● YOUR TASK: The pictures in the listing below are to be skipped, while the lines between the line holding "Na zdjęciu m.in." and the line holding "günstig online kaufen", inclusive, are to be output exactly.

● DATA SUPPLIED:

:::::

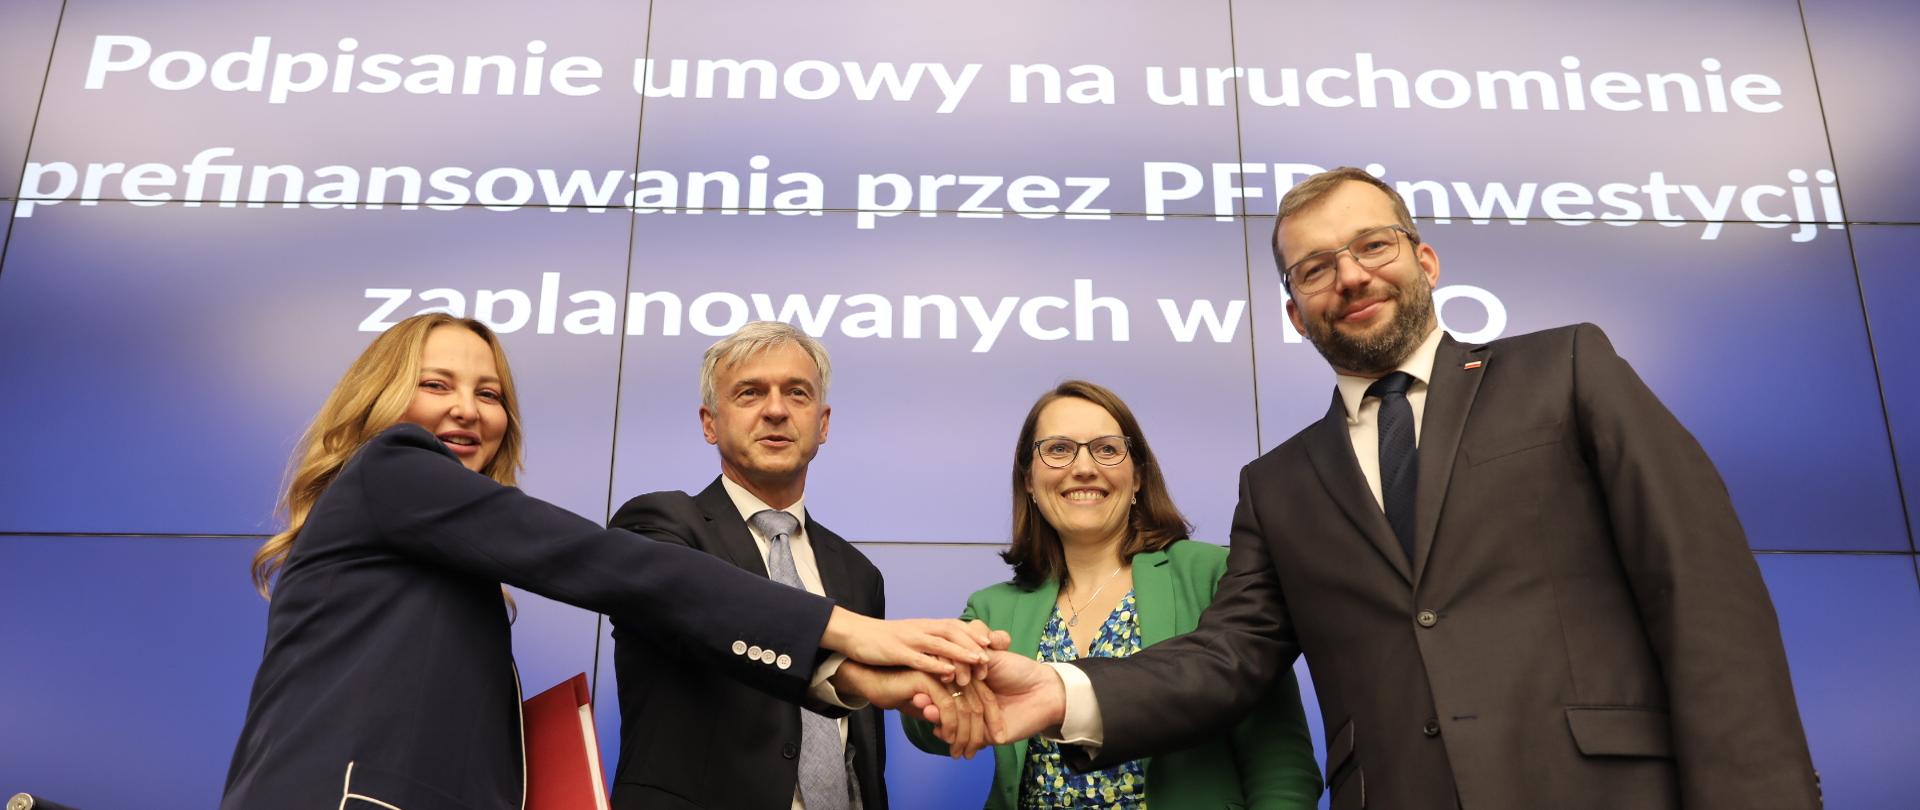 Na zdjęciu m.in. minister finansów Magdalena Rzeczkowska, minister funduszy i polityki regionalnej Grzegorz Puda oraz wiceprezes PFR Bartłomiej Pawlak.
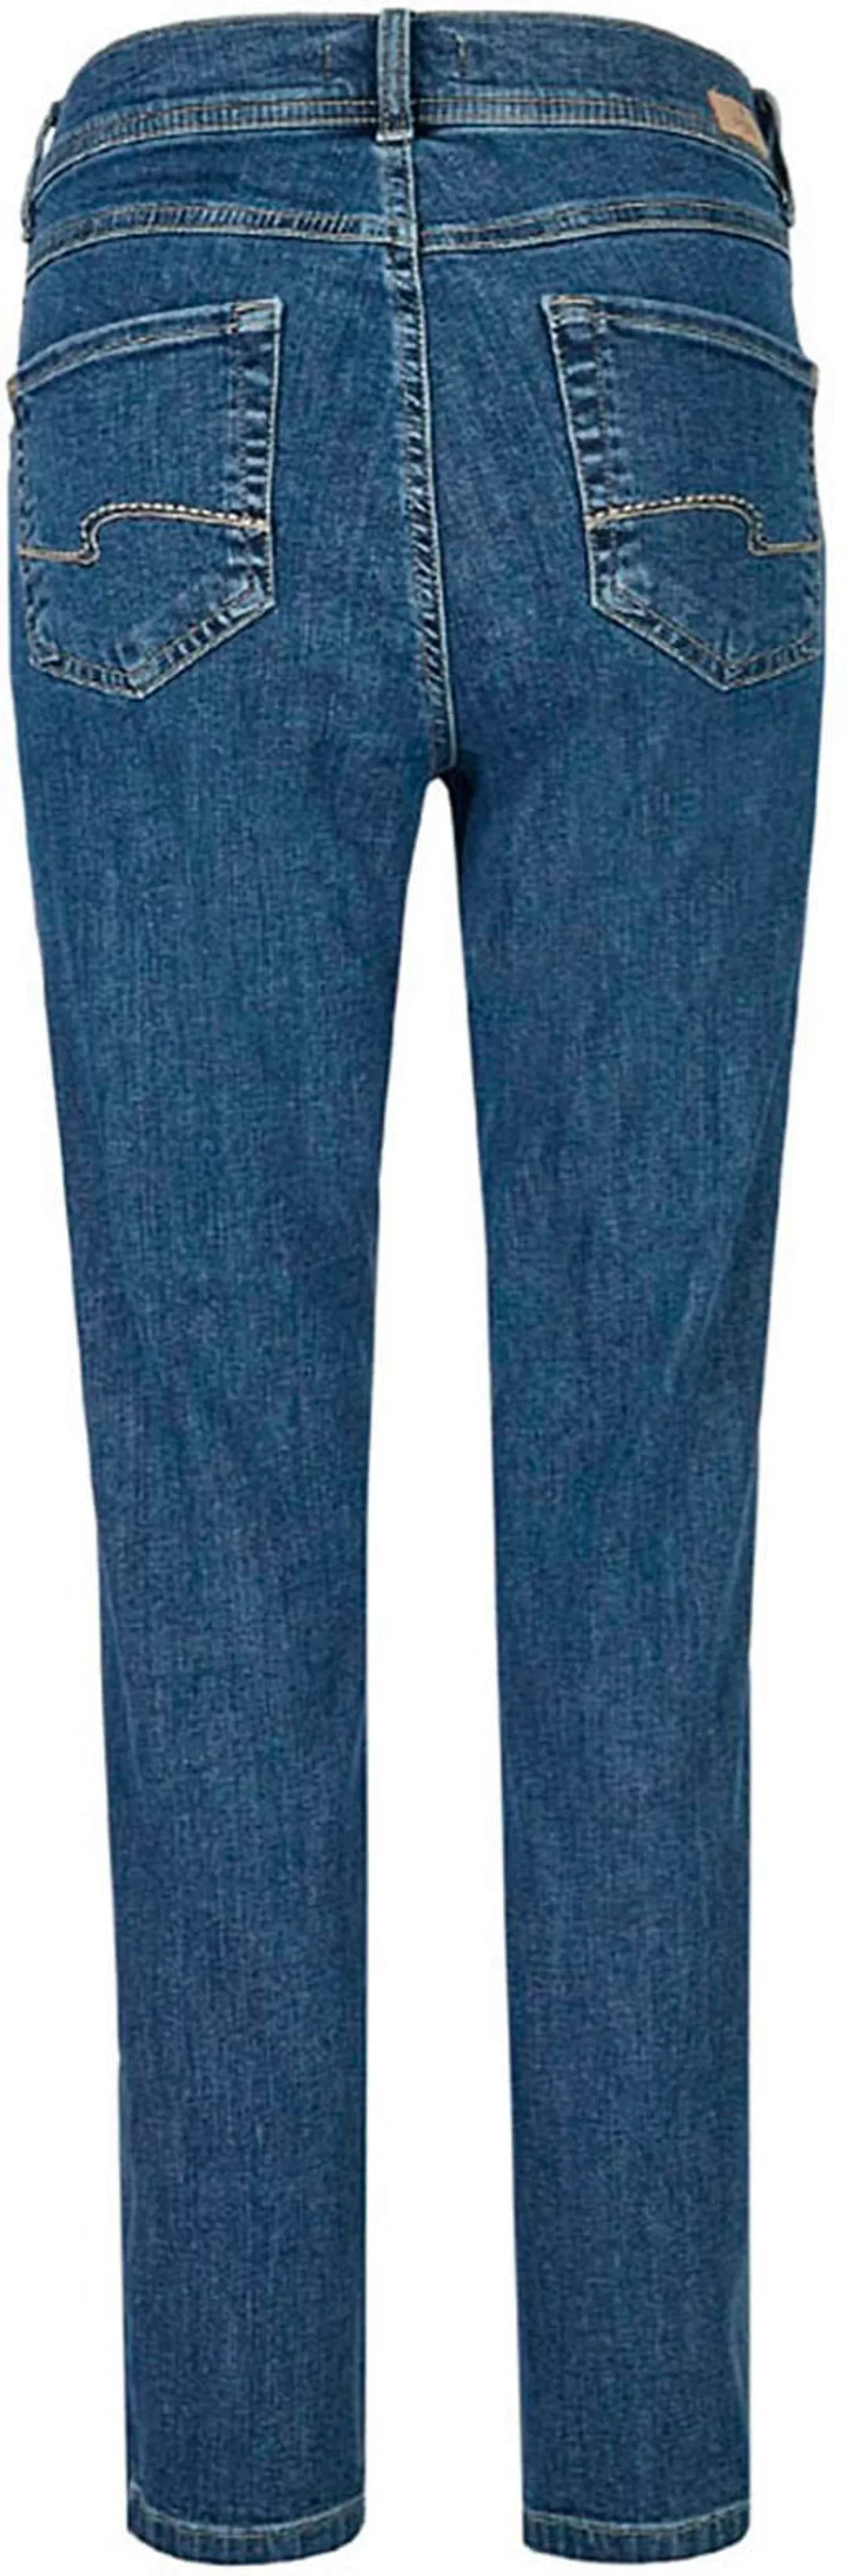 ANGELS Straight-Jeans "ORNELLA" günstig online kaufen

:::::

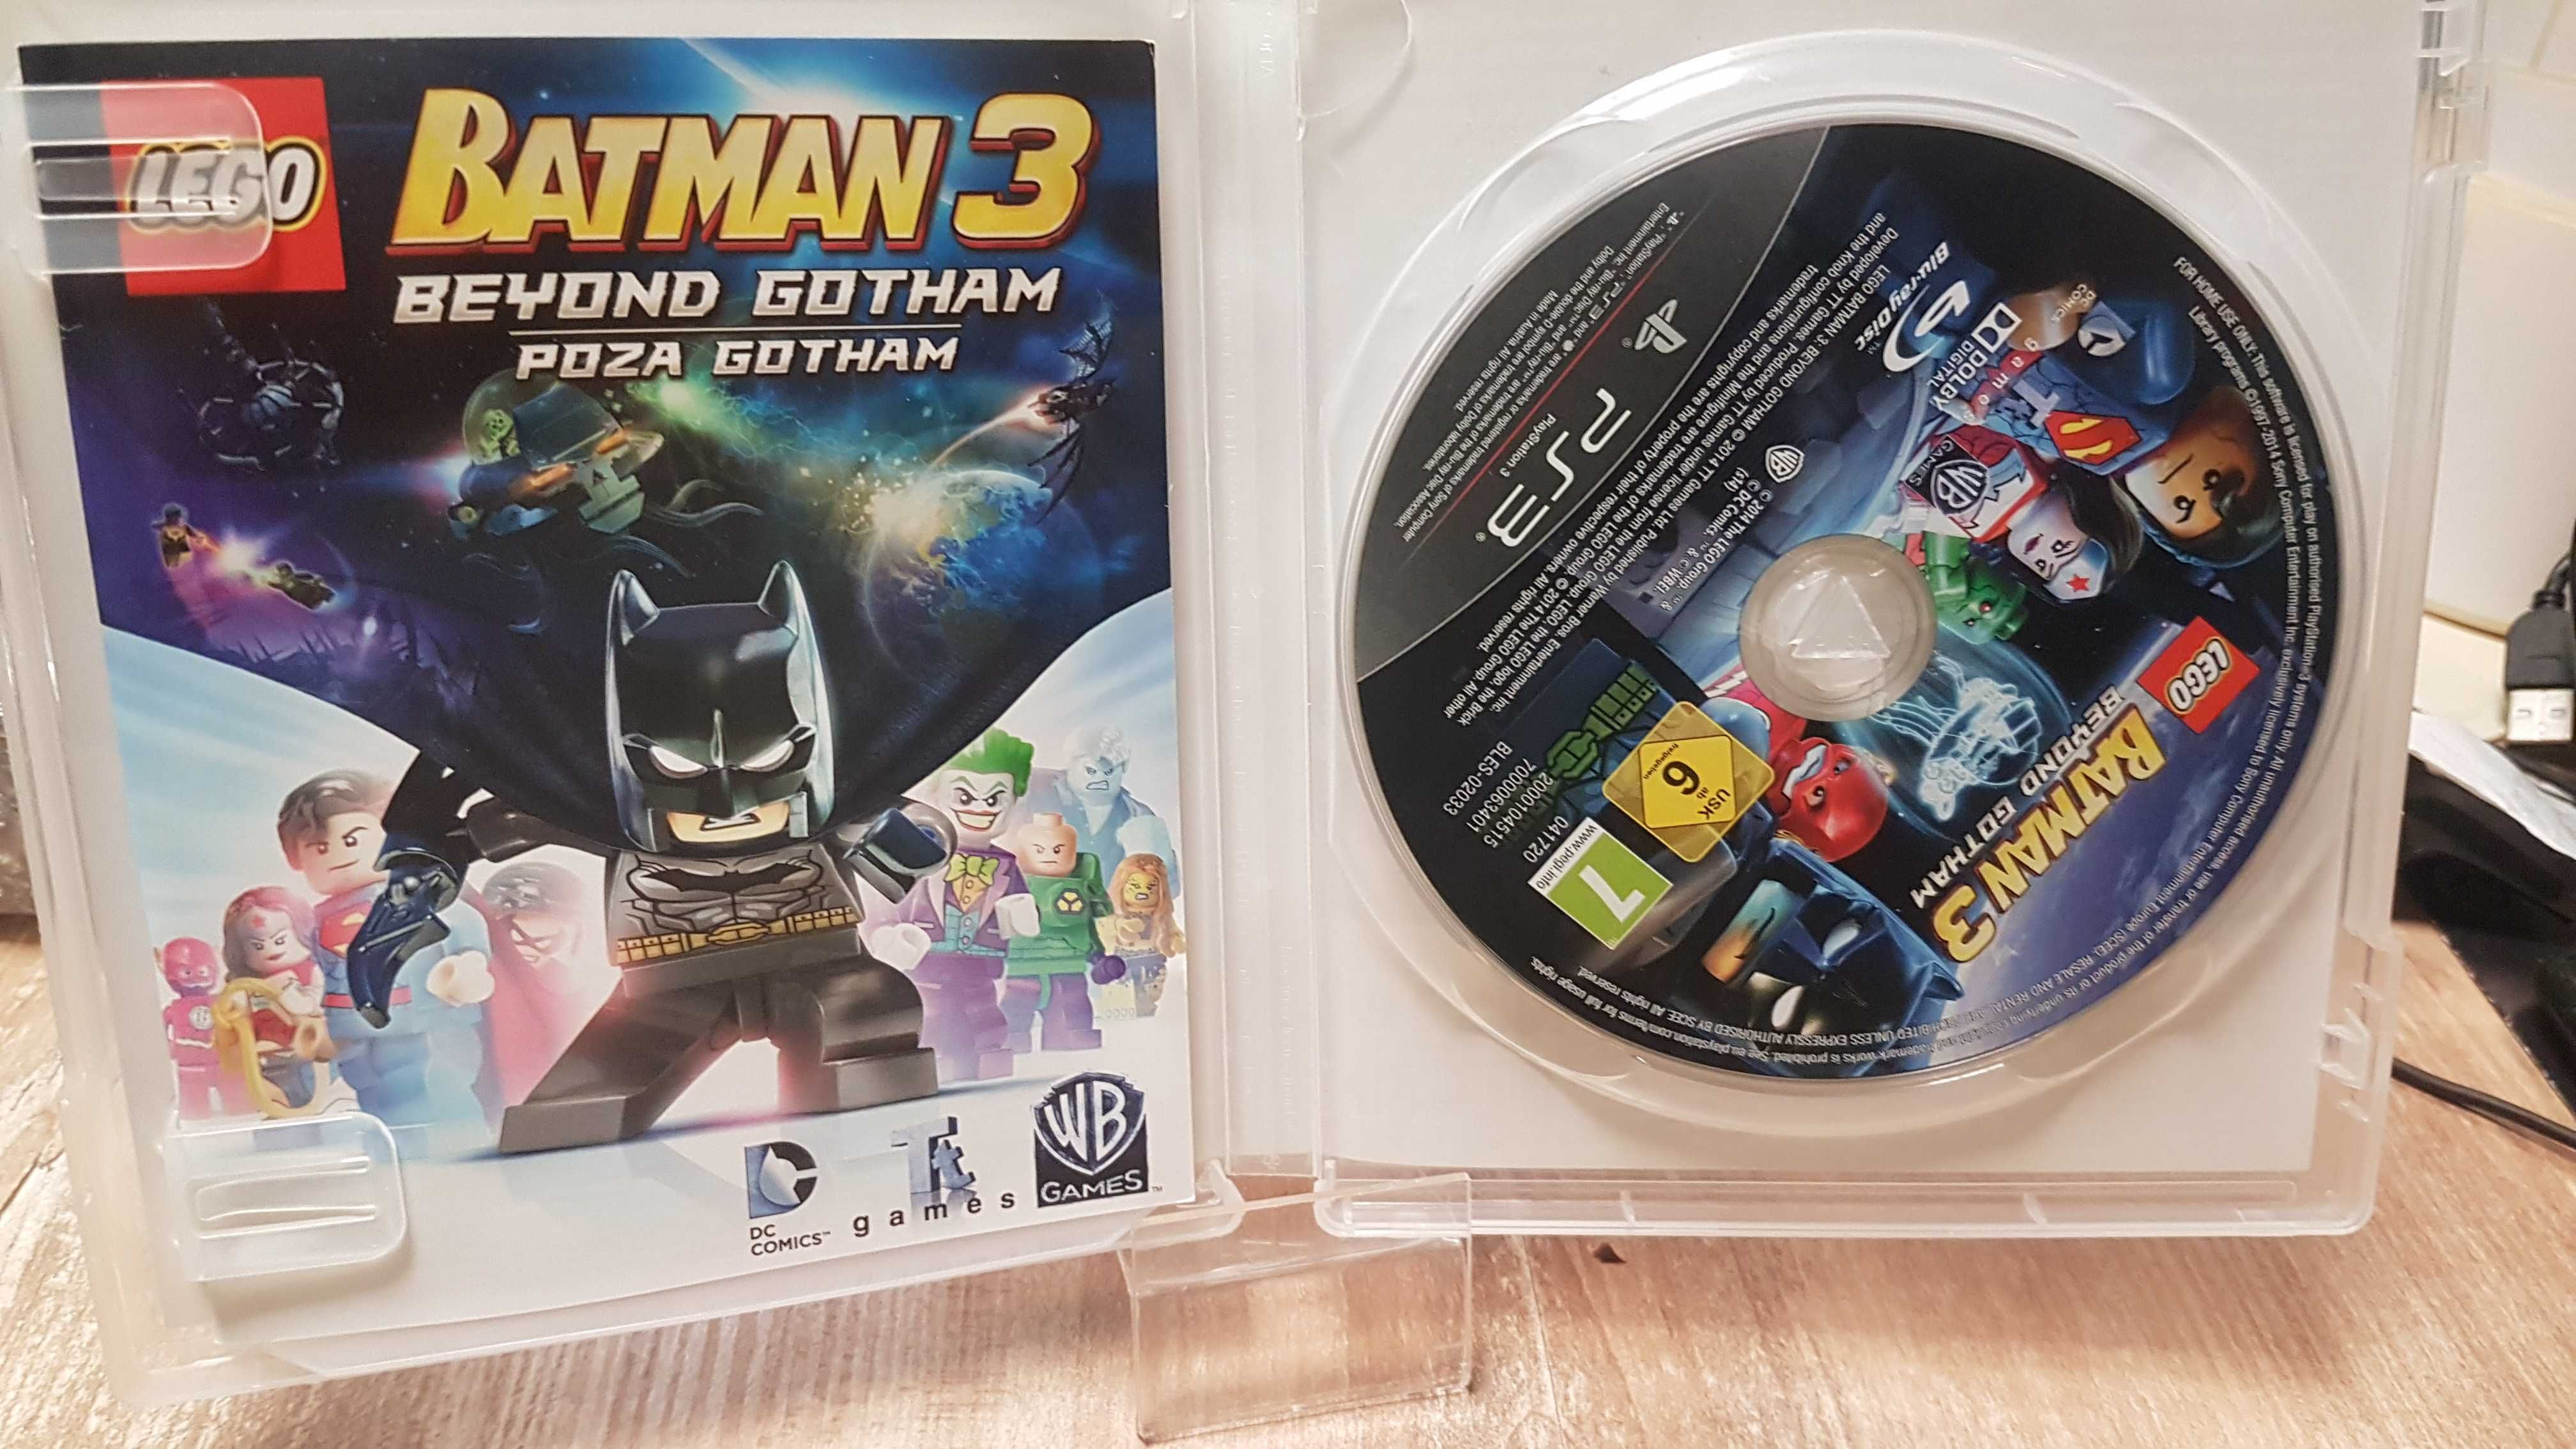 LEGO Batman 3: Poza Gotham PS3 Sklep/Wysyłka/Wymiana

:::::

● EXERCISE OUTPUT:
 Na zdjęciu m.in. minister finansów Magdalena Rzeczkowska, minister funduszy i polityki regionalnej Grzegorz Puda oraz wiceprezes PFR Bartłomiej Pawlak.
 ANGELS Straight-Jeans "ORNELLA" günstig online kaufen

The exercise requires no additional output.